Problem = All the lines below should be set down exactly, with no picture carried into the copy.

** Opening Supplied information block **

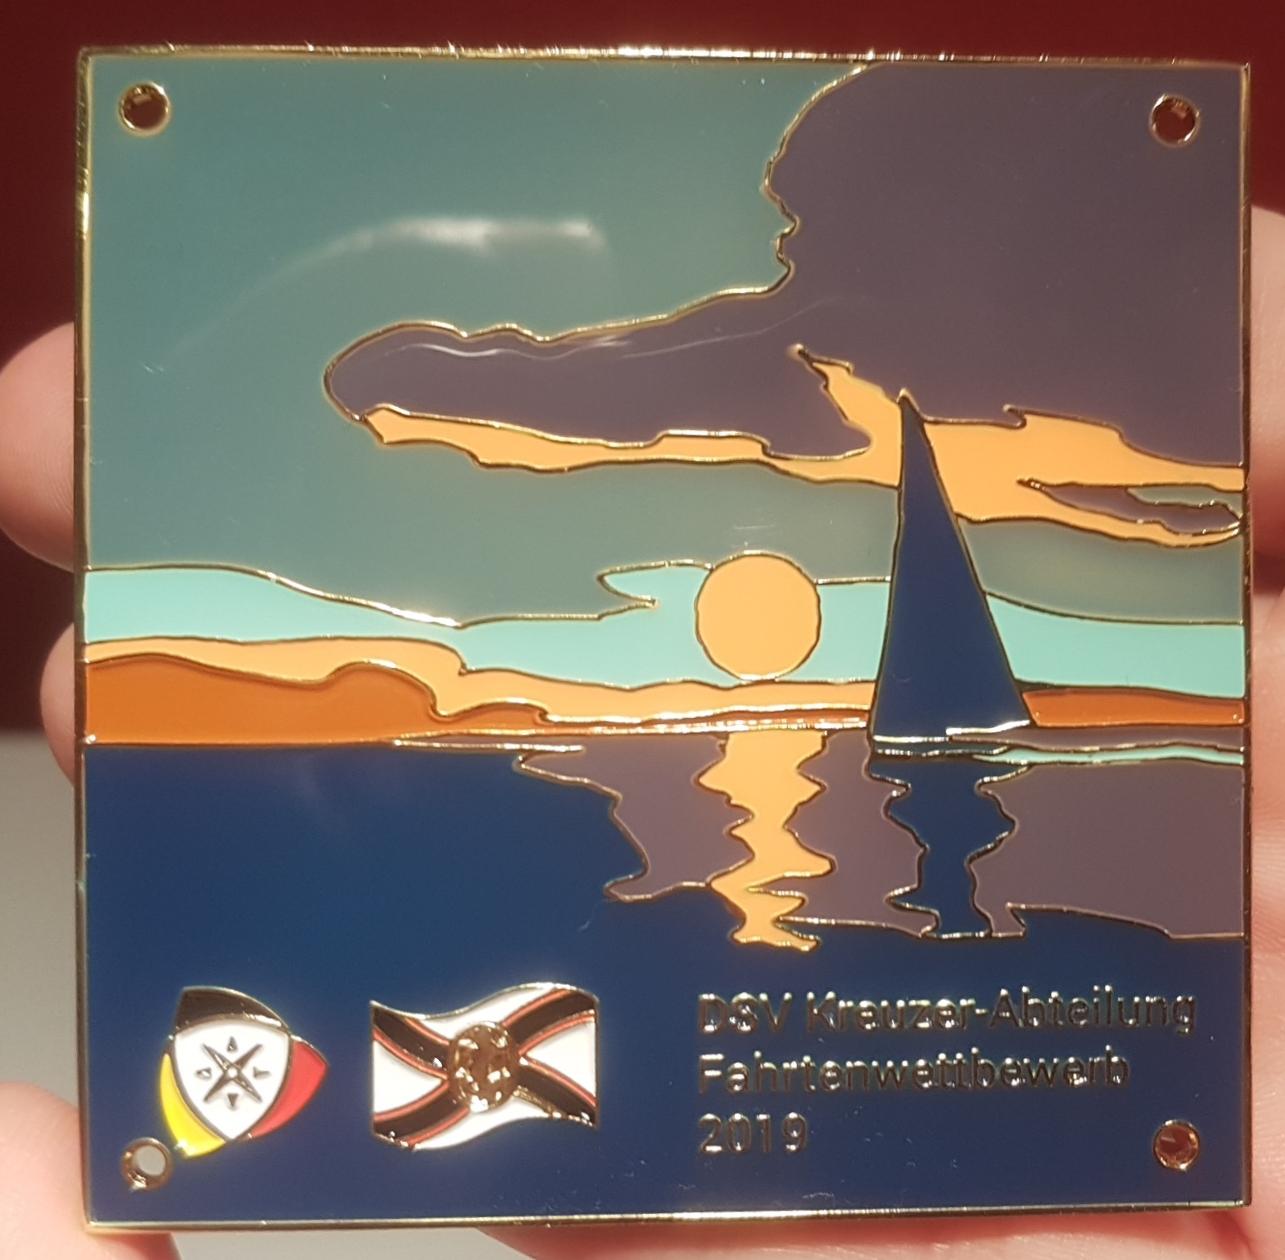 Plakette der DSV Kreuzerabteilung
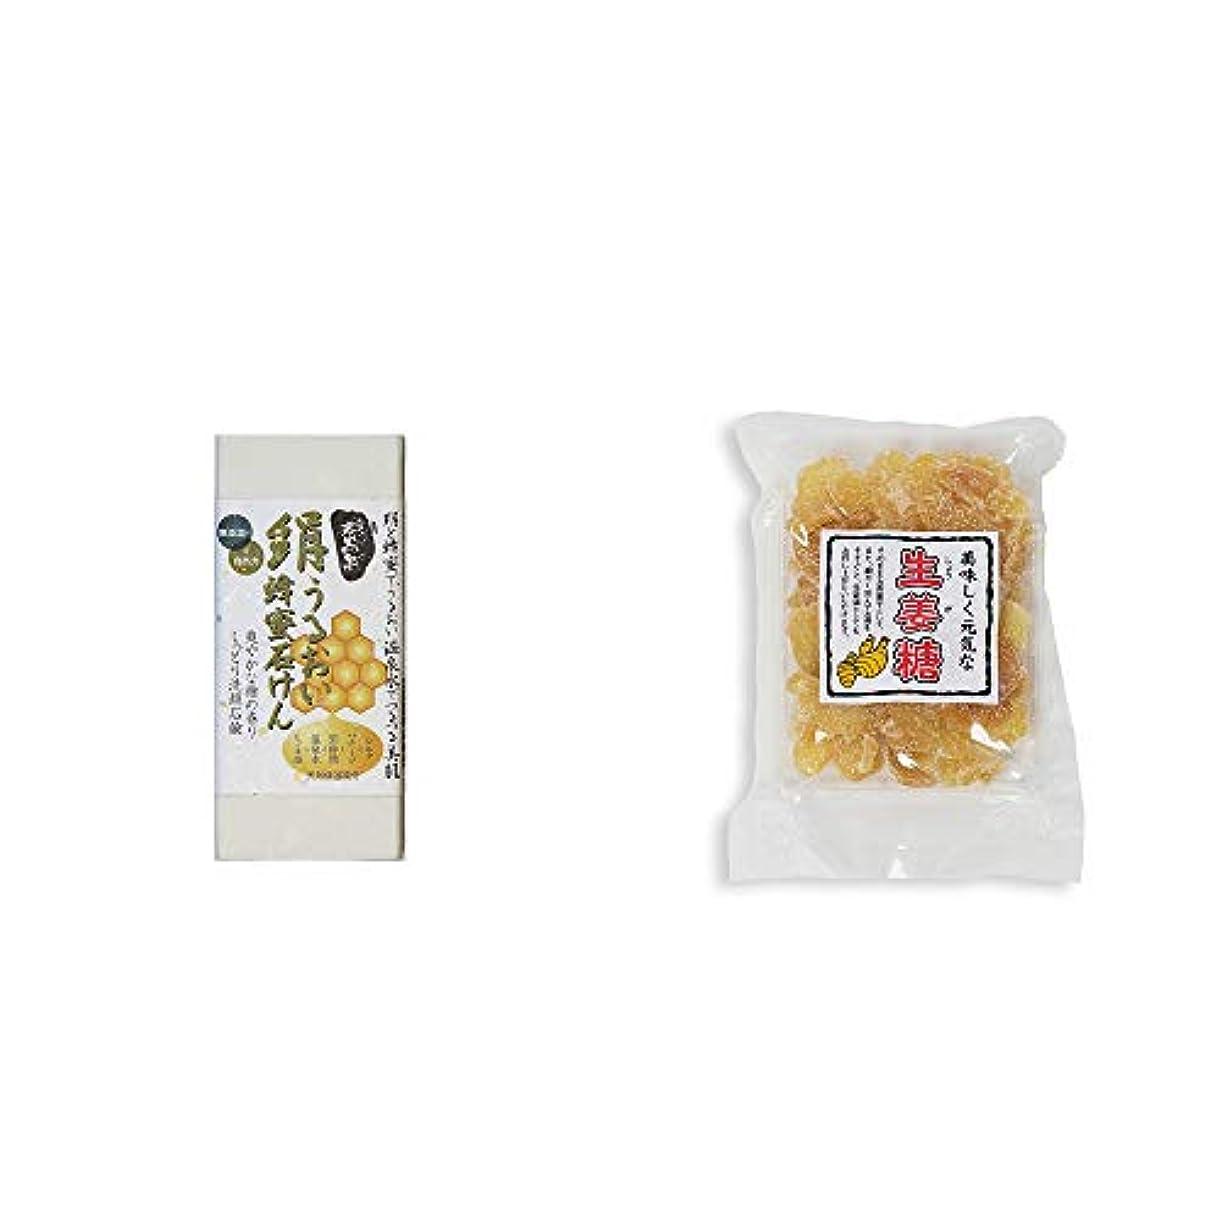 疫病情報病者[2点セット] ひのき炭黒泉 絹うるおい蜂蜜石けん(75g×2)?生姜糖(230g)
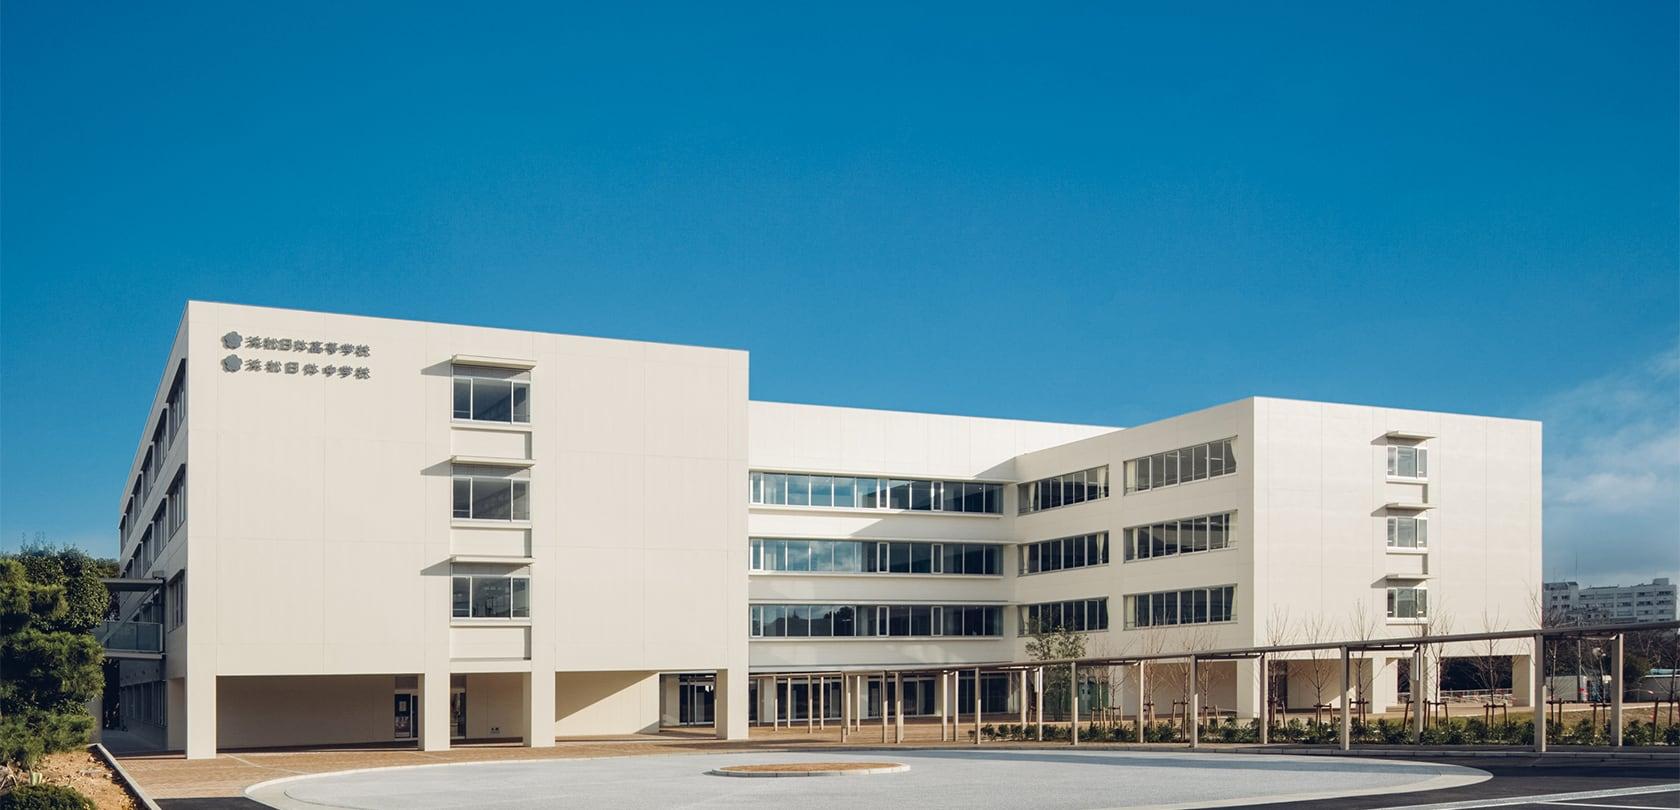 明治大学中野キャンパス整備計画 CM業務

** Closing Supplied information block **

Answer space =
 Plakette der DSV Kreuzerabteilung
 疫病情報病者[2点セット] ひのき炭黒泉 絹うるおい蜂蜜石けん(75g×2)?生姜糖(230g)
 明治大学中野キャンパス整備計画 CM業務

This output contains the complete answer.